Every now and again, a request (or I dare say demand) comes from Mama Ex that I can only assume was cooked up under the influence of heavy narcotics and maybe a bottle of cold medicine. There was the time she told me I couldn't photograph the kids on their first day of school because that was Hubs' job, and he needed to be behind the camera. Or the weekend she texted Hubs to request that only he hold back the girls' hair when they were vomiting into the toilet because that's his job, and not a stepmom's. Most of the time, we react to these requests exactly like we do to the girls': we laugh, pour an alcoholic beverage, and toast to it all being over someday.

Just last week though, a doozy request came through. Hubs and I had just informed Mama Ex that we are planning to take the girls to Cancun on a family trip in November of 2014. The trip doesn't impede on any of Mama Ex's time, except for the night prior to departure. The flight is super early Thursday morning, so we asked super politely (these things must be handled delicately) if Mama Ex would let the kids come to our house Wednesday night so leaving for the airport would be easier in the morning.

You would think we had asked her if she was okay with us covering the kids in pig's blood and letting them swim with sharks.


Her email response took three days and when it was received, I literally sat in the kitchen with my jaw on the floor. Mama Ex replied, "How dare you do this? You're asking for me to give up my time for a trip to God knows where, and let's not forget they have to miss Thursday during school..which is also my time. You don't get them legally until 2:20 PM on Thursday."

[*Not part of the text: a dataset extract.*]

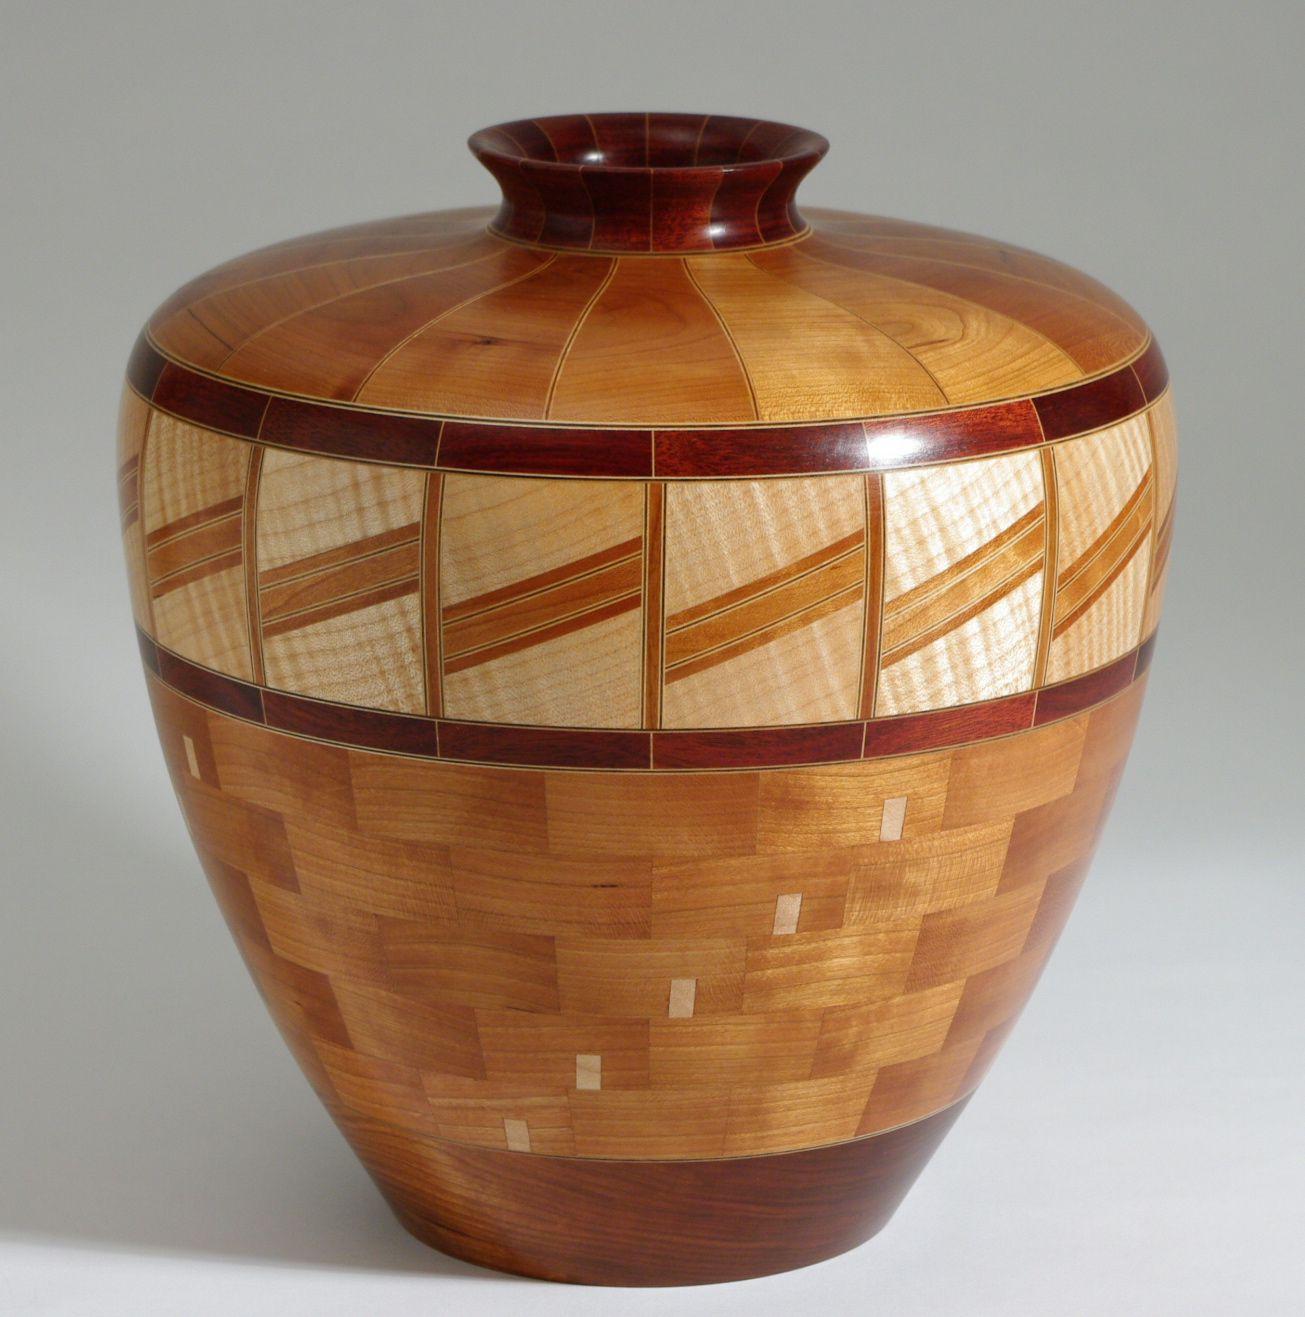 Amazing segmented vase woodturning art art pinterest amazing segmented vase woodturning art reviewsmspy

She continued, "Because you have so rudely already told the kids about this trip, I will go ahead and allow it this one time. But in the future, I prefer that you inform me of any kind of trip you and your wife are considering taking the girls on before you share it with them."

Hold. The. Phone.

We now have to run all our potential trips by Mama Ex before we can even tell the girls about them? Mama Ex must not realize that I have, on any given Tuesday, 17 vacation ideas saved on my computer and ready to book. Shall I send her each idea I have? Some of them I haven't even run by Hubs yet. (We're going to Paris soon, he just doesn't know it yet.)

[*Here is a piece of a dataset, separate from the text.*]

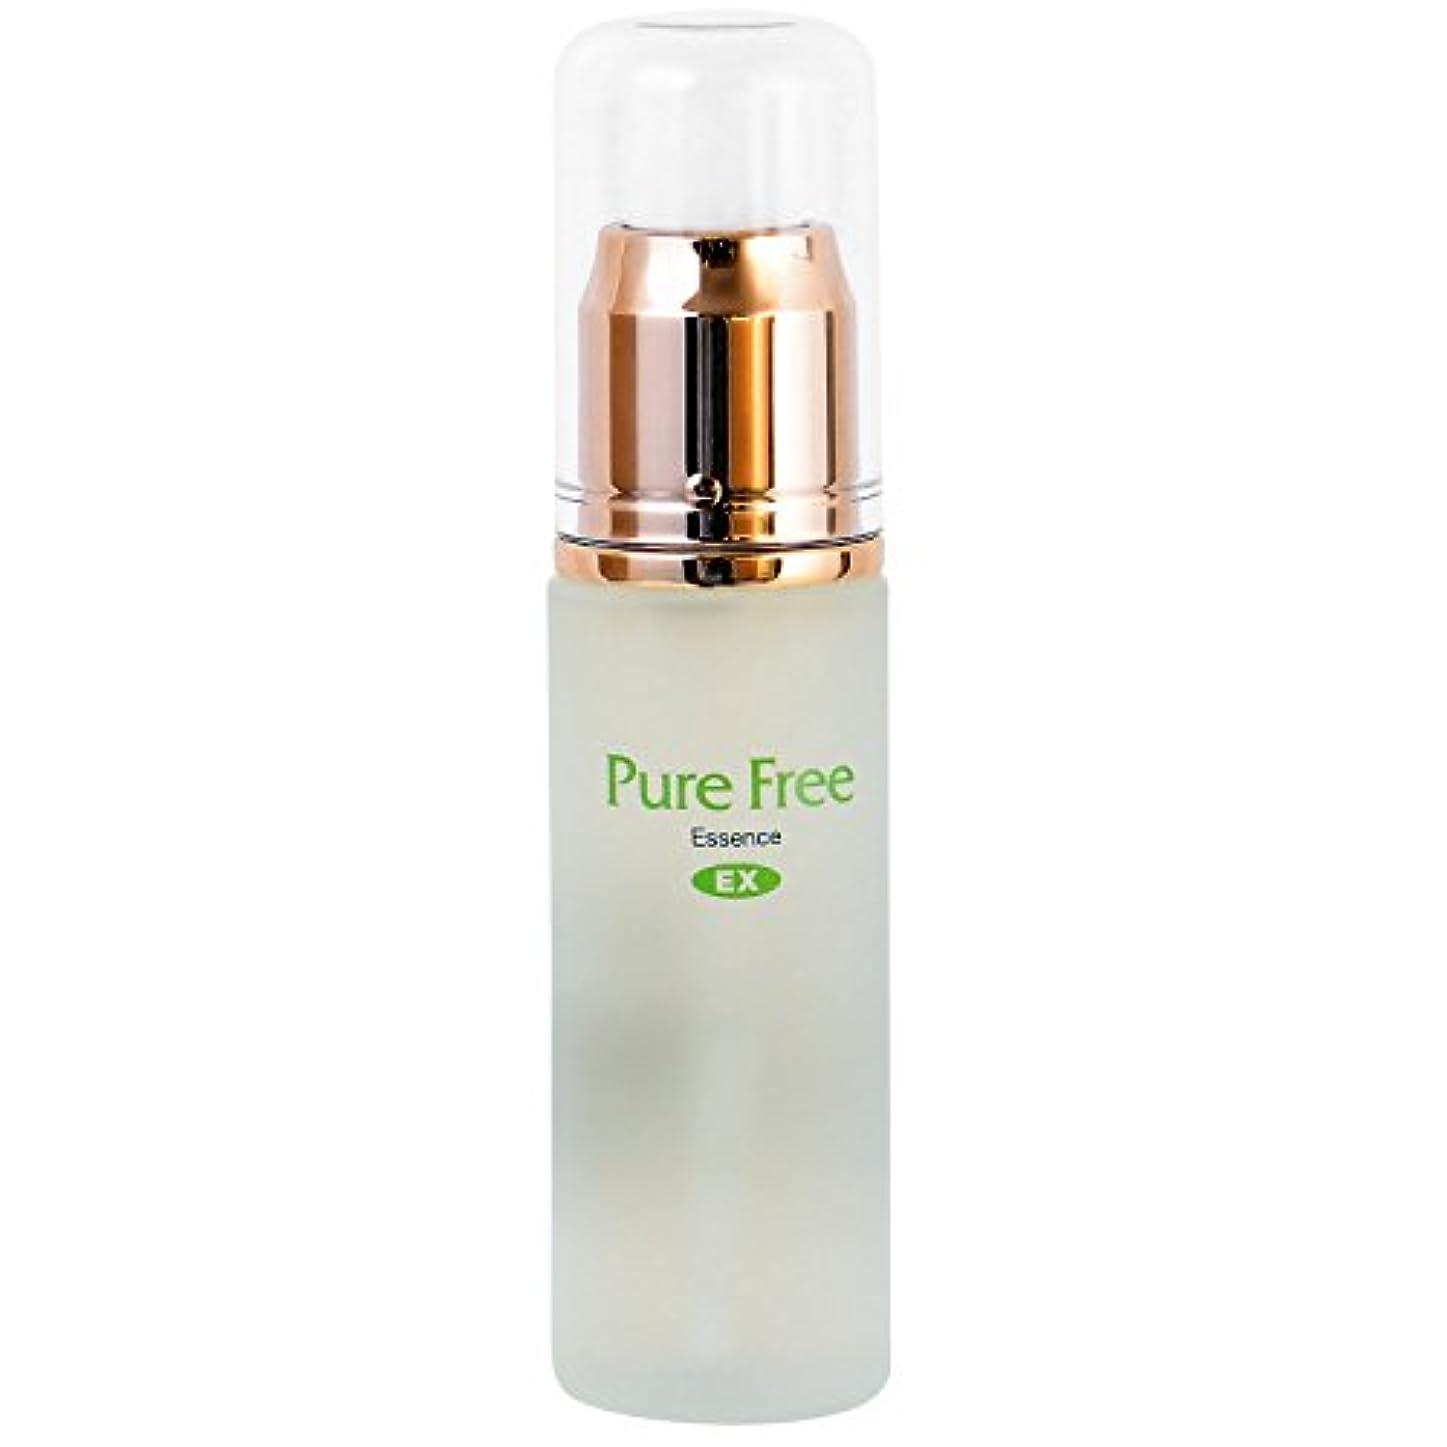 オークカプラー最少Pure Free (ピュアフリー) エッセンスEX オーガニック 正規品 美容液 (サンプル用意あり)

Why on earth would we ever tell Mama Ex about a trip before asking the girls how they felt about it? How ridiculous. 

The real problem here is control. Mama Ex is well aware that if the children already know about a trip, they're going to be pissed if she vetoes it. (We went through this last year with a Disney Cruise. The judge had to step in and force her to let them go.) Therefore, she feels out of control of the situation. Mama Ex enjoys her perceived rein of power over the "non custodial parent" and wants to flex that muscle whenever she can. 

I think what bugs me the most about all of this, is that Mama Ex's Nazi interpretation of visitation come at the expense of the children. Does she legally have the right to keep them from leaving on a trip until 2:20 PM on Thursday? Yep. Is it really necessary to do that? Hell no. But does she want to do it anyway just to stick it to me and Hubs? Duh. And the kids get to suffer.

Here's how I look at it and wish Mama Ex would, too. Co-parenting, just like life, is not fair. Yeah, we can afford to take the girls on an awesome trip and Mama Ex can't. (At least not with a 3 Starbucks a day habit, she can't.) That sucks for her. It really does. But hey, there are times when it really sucks to be us, too. Mama Ex has a friend who takes the girls to almost every single pro baseball game in town during the summer. Often the games land during on our time. Do we have to let them go? Of course not, but it's good for the kids. At the end of the day, if you're keeping your children from fun and unique opportunities for no reason other than bitterness about the unfairness of it all...then you're just bitter. And that gives you wrinkles.

No thanks.

Our response to Mama Ex was, of course, gratitude that she is "allowing" the kids to go have an awesome time. And we tried to keep the disdain hidden between the lines. Moving forward, we now have a new system for ridiculous requests:

Requests by children : 1 drink per child
Requests by Mama Ex: Shots until at least one of us passes out and forgets all about it

What requests does Mama Ex that make you go "Hmmmmm, where did she come up with that?" How do you handle the most outrageous ones?



Thursday, February 20, 2014

don't shoot the messenger (but don't let her off the hook either)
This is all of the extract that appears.